Copy out the full listing below as it stands, with its pictures left behind.

Given material »
────
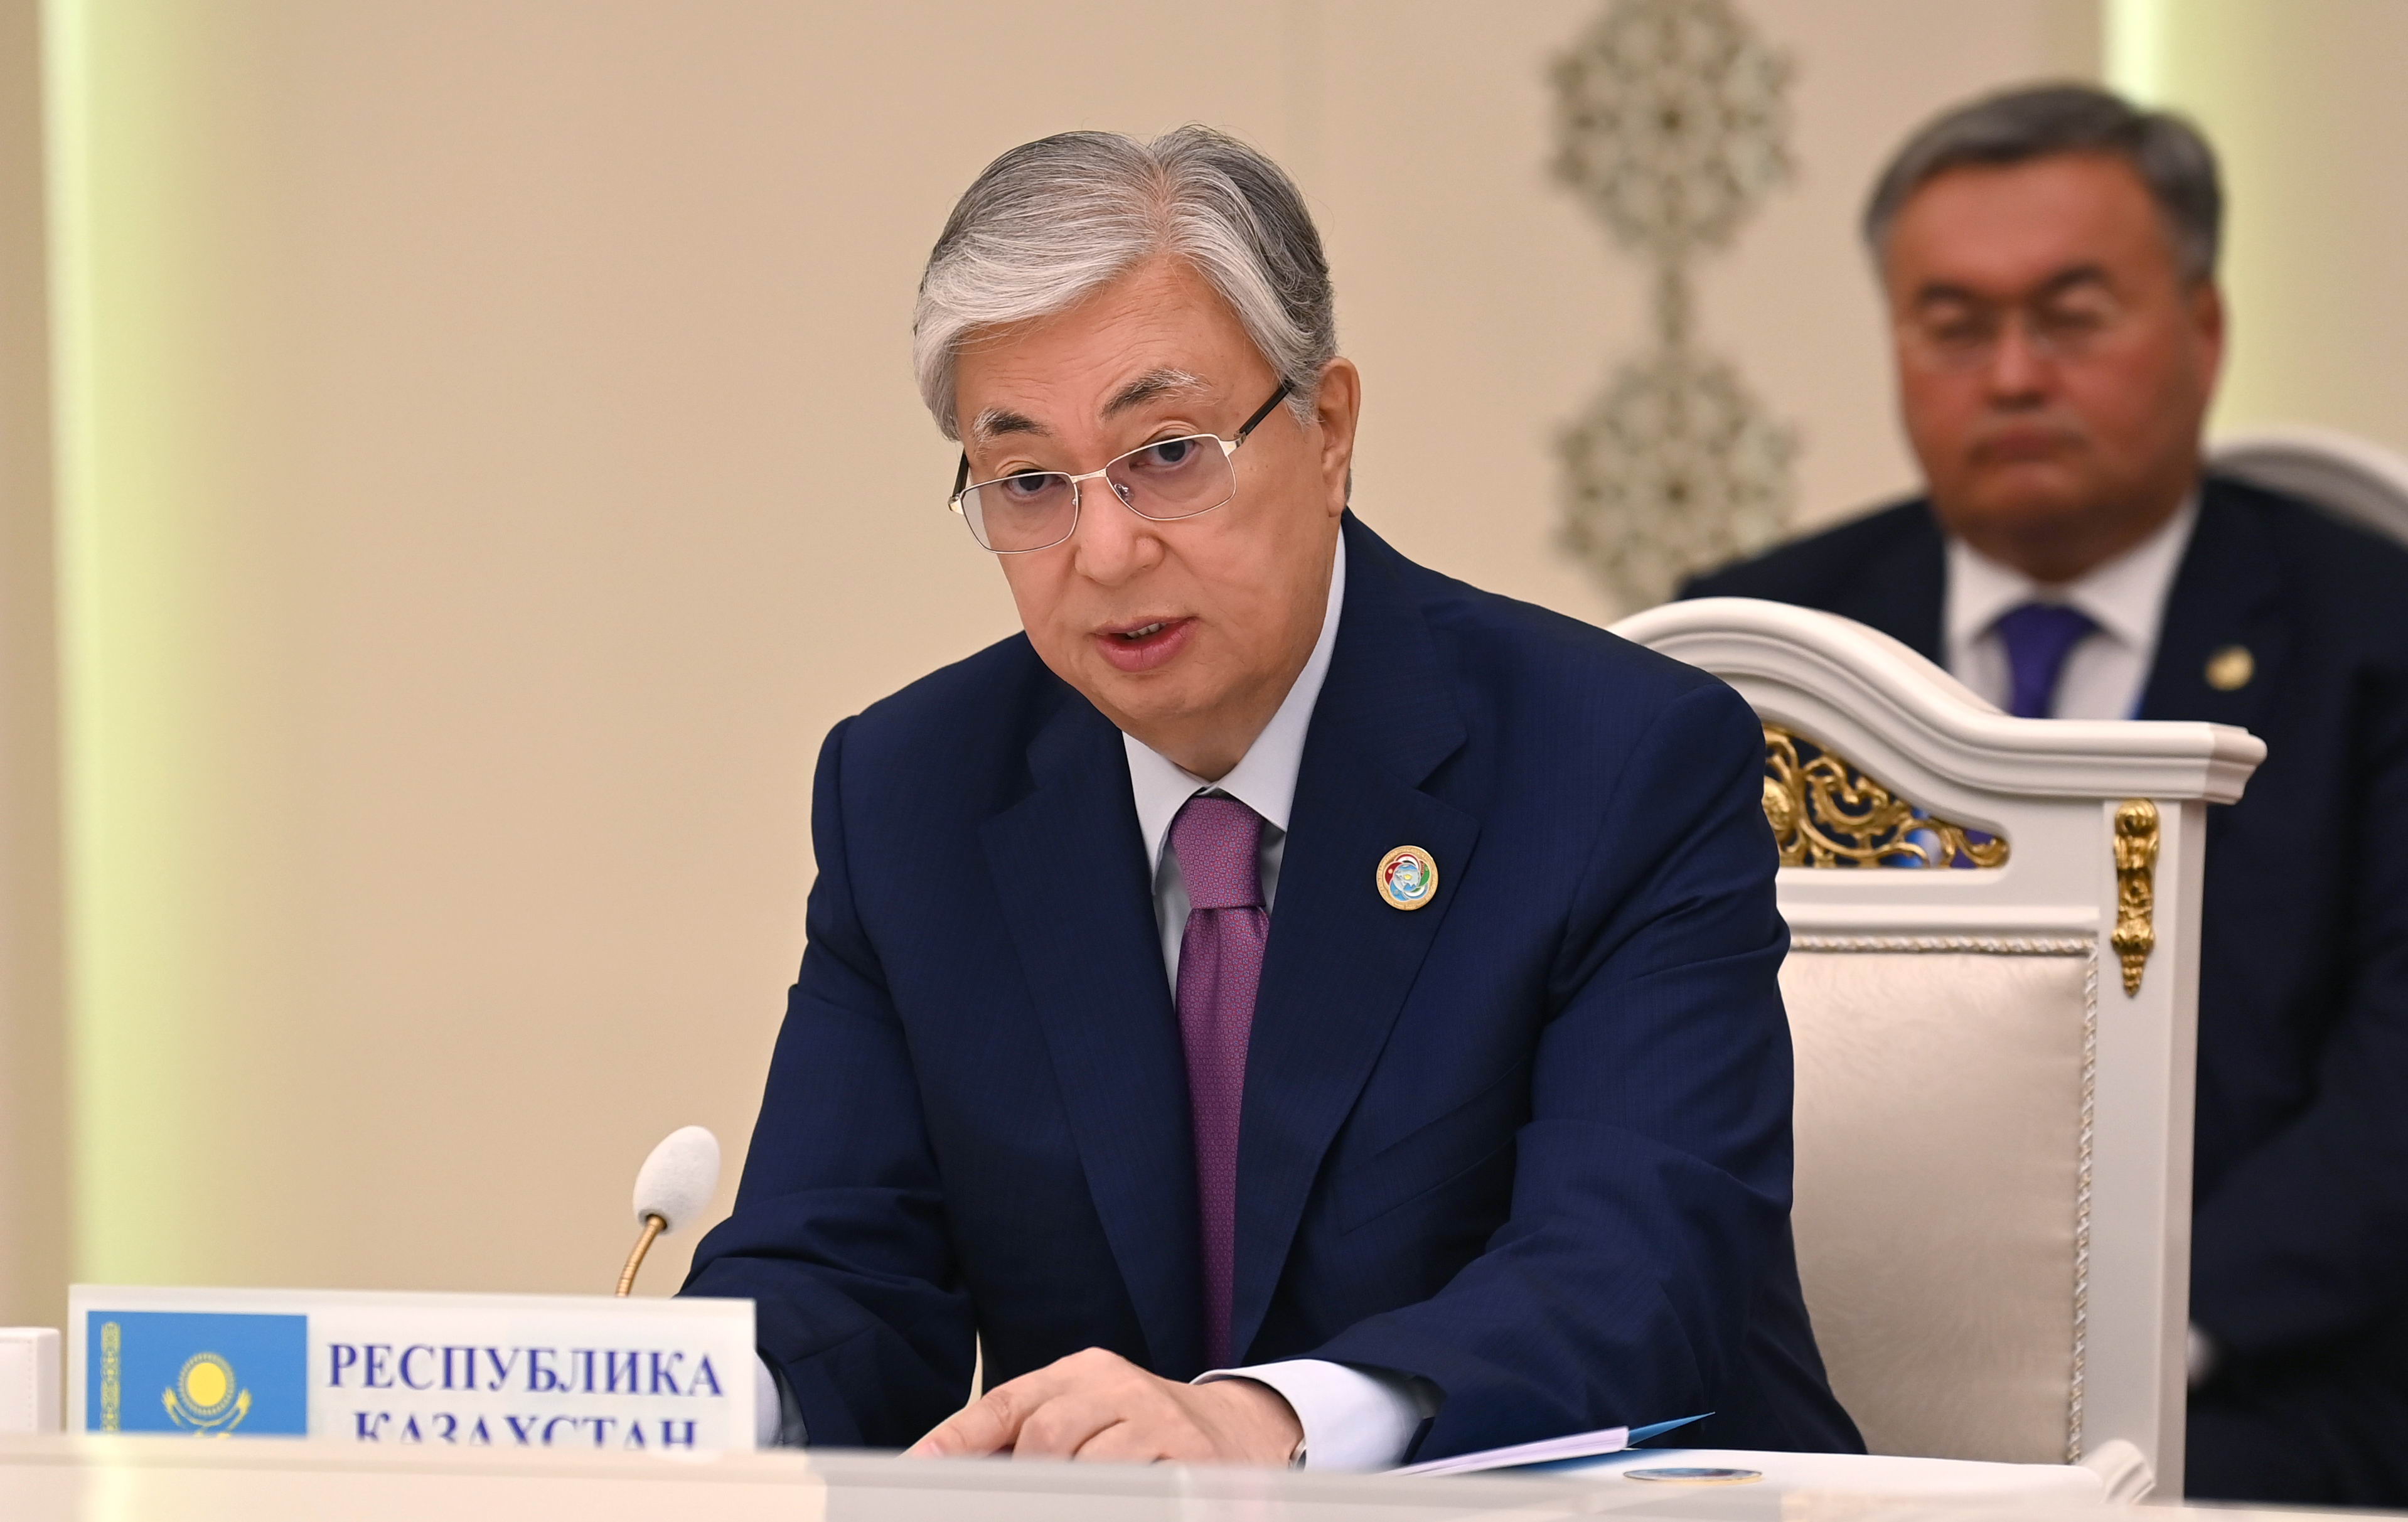 Токаев: У нас до сих пор нет четкой позиции по поводу развития моногородов
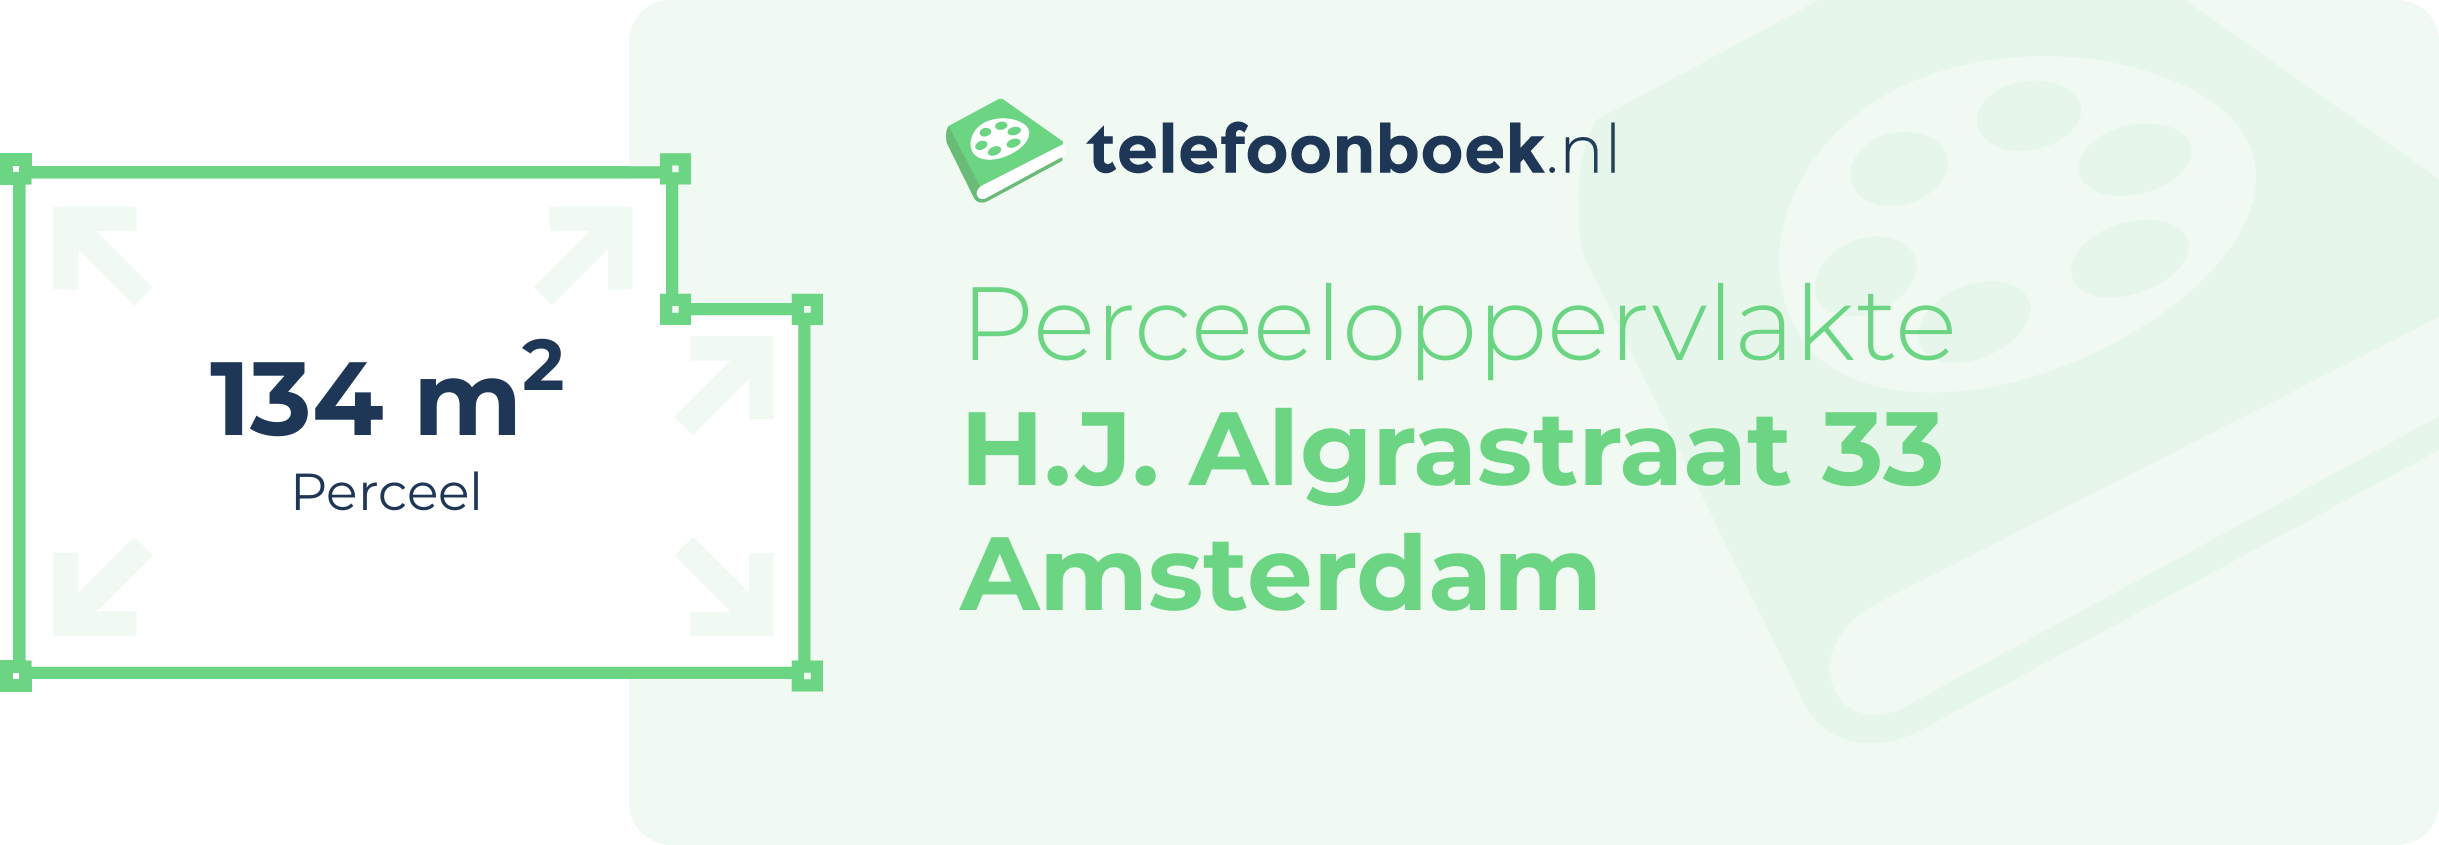 Perceeloppervlakte H.J. Algrastraat 33 Amsterdam
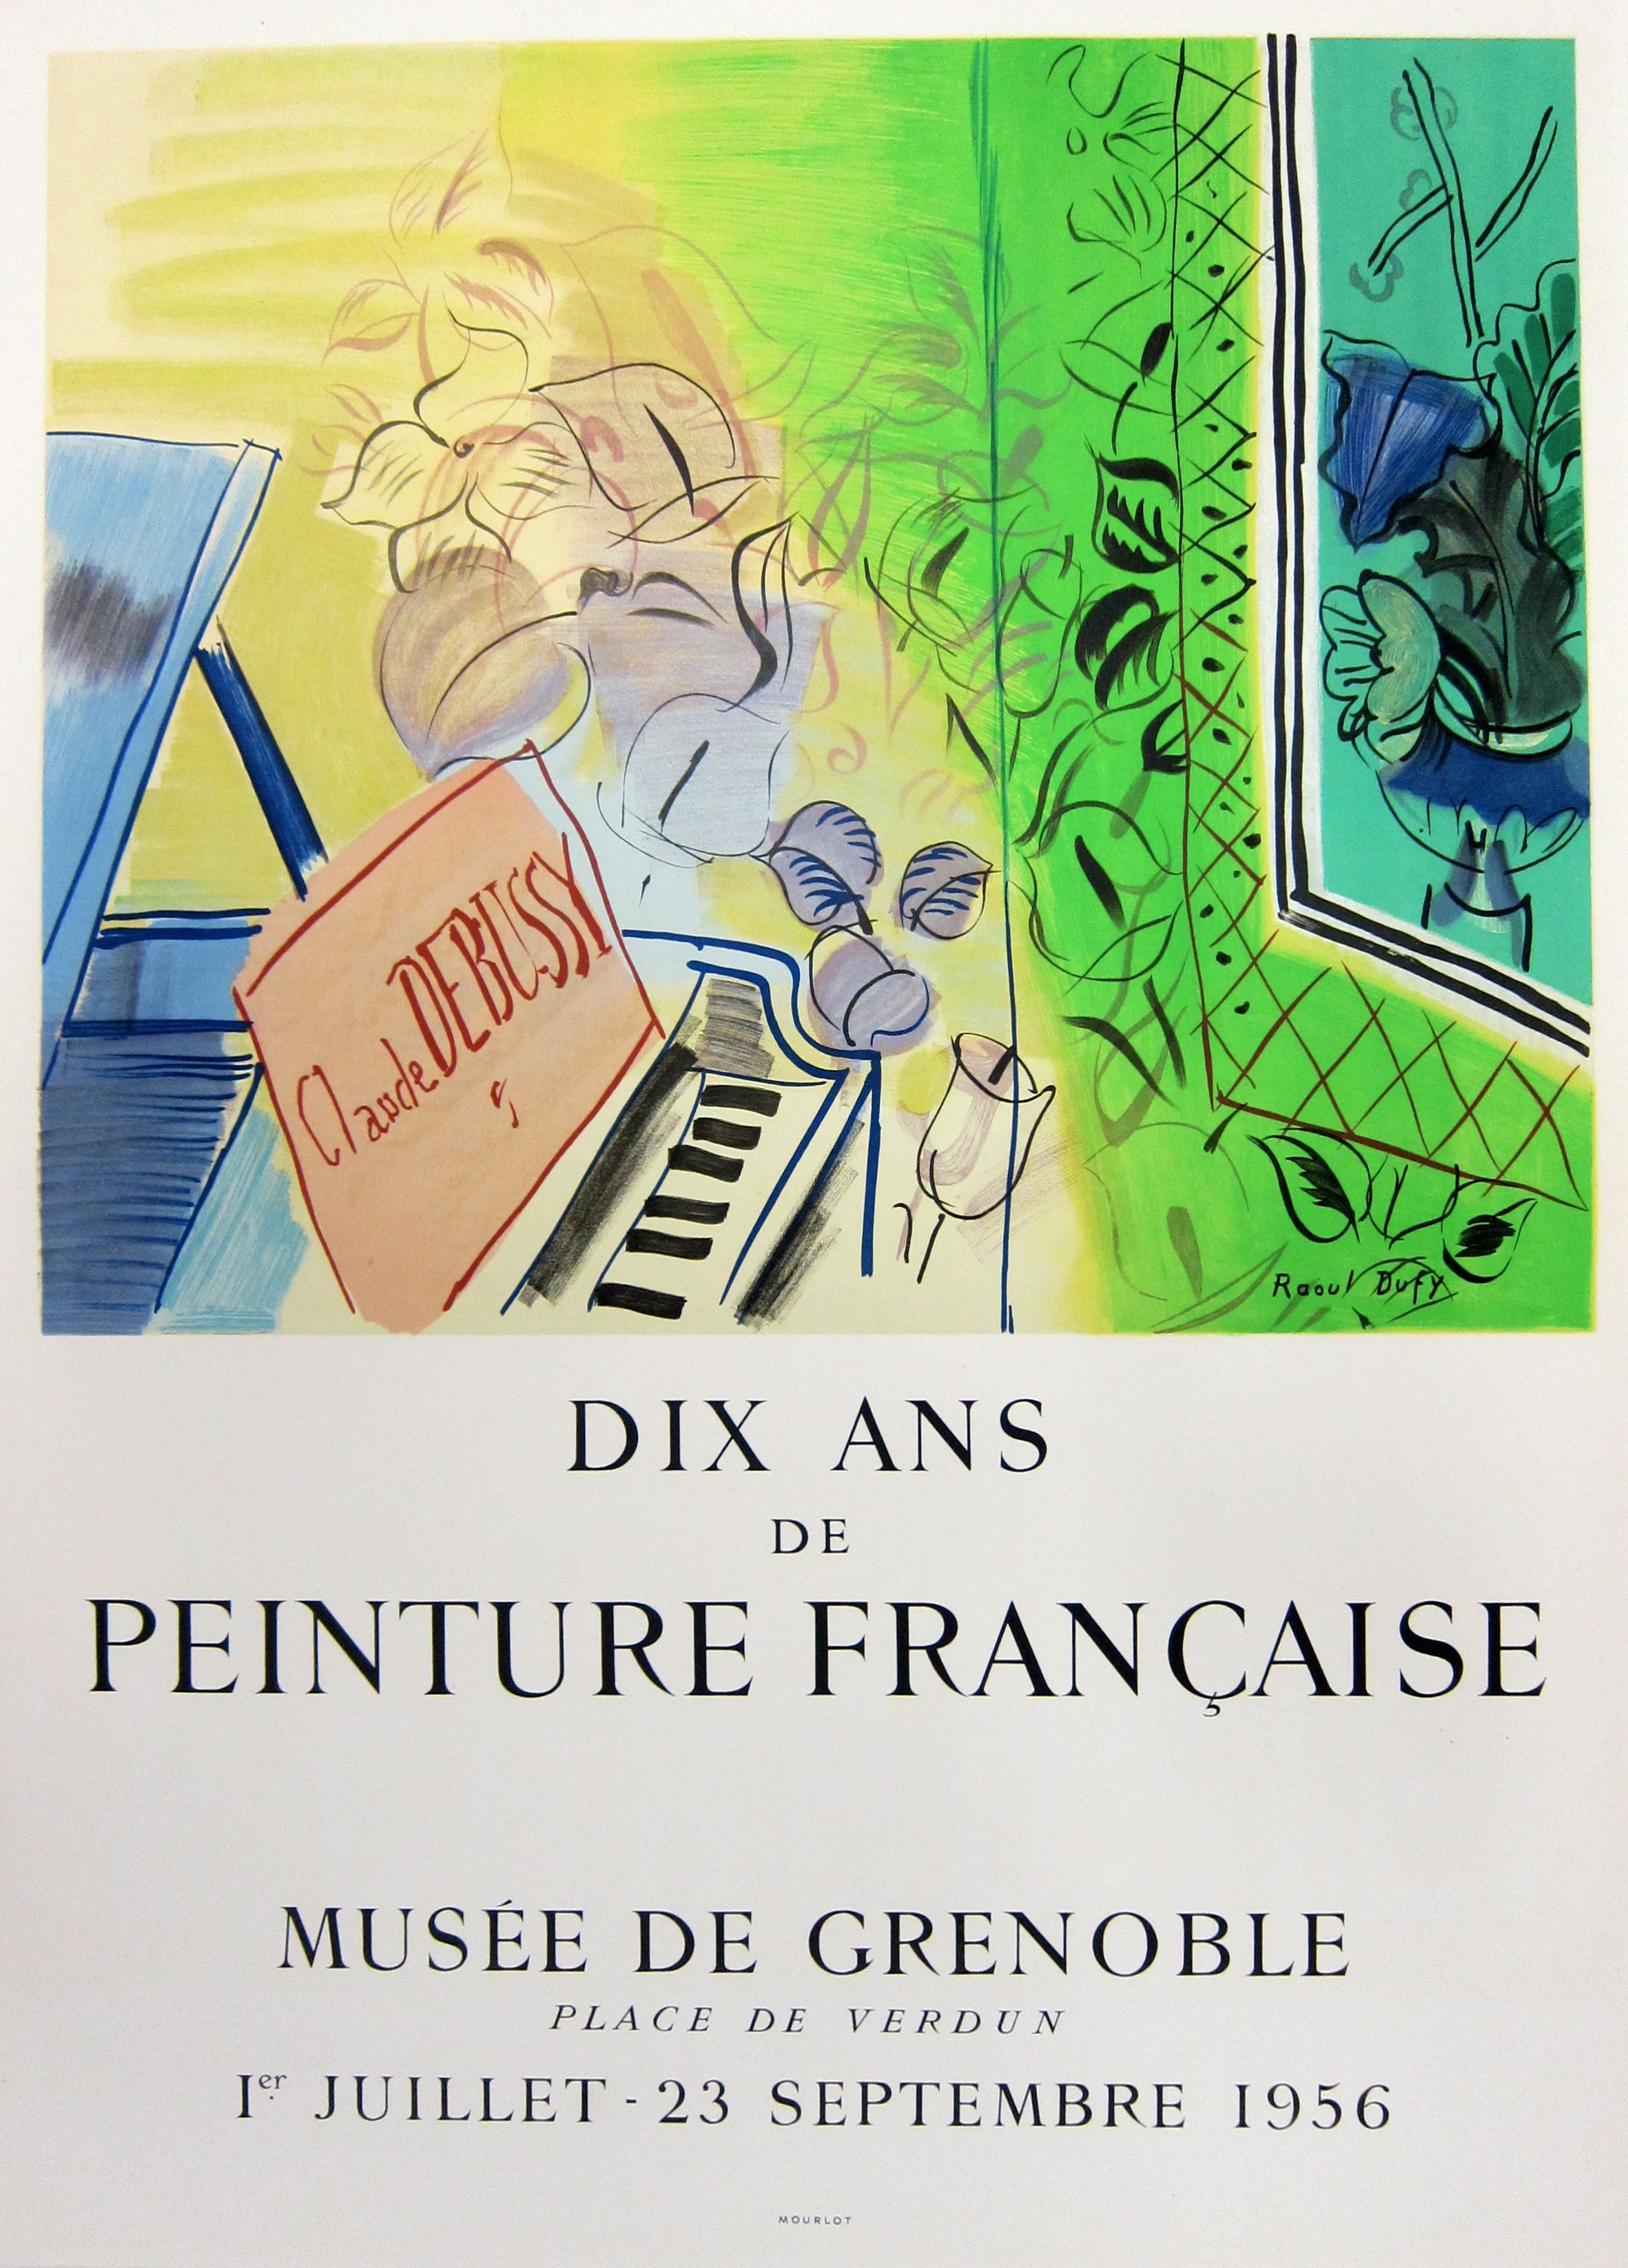 Hommage à Claude Debussy - Institut Franais D'cosse (d'après) Raoul Dufy, 1966
────
Task response »
 Токаев: У нас до сих пор нет четкой позиции по поводу развития моногородов
 Perceeloppervlakte H.J. Algrastraat 33 Amsterdam
 Hommage à Claude Debussy - Institut Franais D'cosse (d'après) Raoul Dufy, 1966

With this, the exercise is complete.